If at least one time series has an undefined metric, then the aggregated metric is also undefined.
If K-Fold cross-test is used for evaluation, these aggregated metrics are then averaged over all folds, ignoring folds that yield undefined metric values.
Metric |
Aggregation method |
|---|---|
Mean Absolute Scaled Error (MASE) |
Average across all time series |
Mean Absolute Percentage Error (MAPE) |
Average across all time series |
Symmetric MAPE |
Average across all time series |
Mean Absolute Error (MAE) |
Average across all time series |
Mean Squared Error (MSE) |
Average across all time series |
Mean Scaled Interval Score (MSIS) |
Average across all time series |
Mean Absolute Quantile Loss (MAQL) |
First compute the mean of each quantile loss across time series then compute the mean across all quantiles |
Mean Weighted Quantile Loss (MWQL) |
First compute the mean of each quantile loss across time series then compute the mean across all quantiles. Finally divide by the sum of the absolute target value across all time series |
Root Mean Squared Error (RMSE) |
Square-root of the aggregated Mean Squared Error (MSE) |
Normalized Deviation (ND) |
Sum of the absolute error across all time series, divided by the sum of the absolute target value across all time series |
Performance: Per time series metrics¶
For multiple time series datasets, DSS also shows the metrics of each individual time series.
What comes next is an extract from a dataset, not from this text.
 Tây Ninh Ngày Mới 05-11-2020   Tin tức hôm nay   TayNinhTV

If K-Fold cross-test is used for evaluation, per time series metrics are aggregated over each fold for each time series, ignoring folds that yield undefined metric values.
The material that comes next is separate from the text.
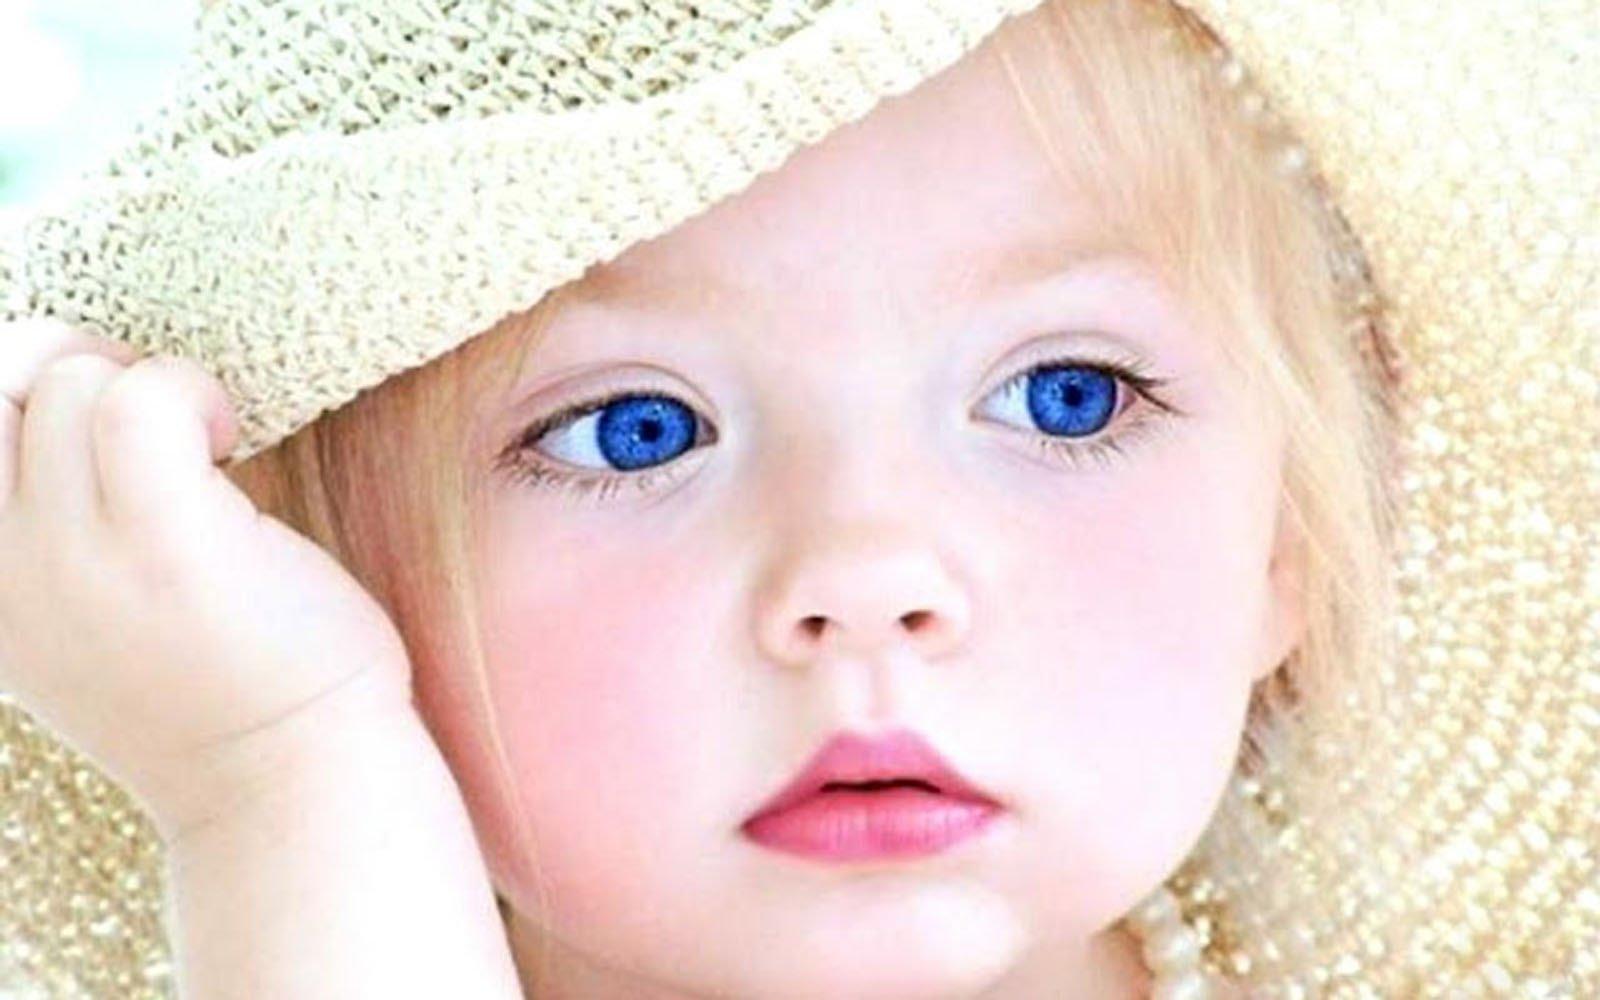 بالصور اجمل الصور اطفال في العالم , اطفال ضحكتها تجنن العالم كله 3958 2

Model Information: Algorithm¶
For multiple time series datasets, some models train one algorithm per time series under the hood (mainly ARIMA and Seasonal LOESS). The resulting per times series hyperparameters are shown in this tab, if any.
Model Information: Model Coefficients¶
Some models, such as ARIMA, ETS, Prophet, etc. have a set of coefficients that can be used to interpret the model. Those coefficients are shown in this tab. When applicable, the p-values and t-values of those coefficients can also be shown.
Model Information: Residuals¶
Residuals are differences between observed data points and the values predicted by the model. Analysis of such residuals is useful to assess how a model behaves on the historical data it has been optimized on. In Dataiku, those residuals can be visualized with 4 graphs.
Note
Residuals are computed for every possible value of the historical data. Therefore their computation can take a long time. The computation can be manually skipped by checking “Skip expensive reports” before training the model (Design > Runtime environment > Performance tuning).
Standardized residuals histogram¶
This graph represents the distribution of standardized residuals. Alongside the histogram is plotted a z-distribution.
Standardized residuals over time¶
This plot is a representation of the standardized residuals over time. In simpler terms, this is a standardized representation of the error on the historical data.
Normal Q-Q Plot¶
A Q-Q plot is a plot of standardized residuals against what would be a theoretical z-distribution of residuals.
Correlogram¶
This is a plot of auto-correlation computed for different lag values (up to 10).
Model Information: Information criteria¶
Information criteria, such as the Akaike Information Criterion (AIC), Bayesian Information Criterion (BIC), and Hannan-Quinn Information Criterion (HQIC), are metrics that help in model selection by evaluating the trade-off between a model’s goodness of fit and its complexity.
Use these criteria to compare different models trained on the same dataset. A model with a lower information criterion value is generally preferred, as it indicates a better balance between accuracy and simplicity, which can help prevent overfitting.
Note
These criteria are only available for statistical models (ARIMA, ETS, Seasonal Trend) where a likelihood function can be calculated.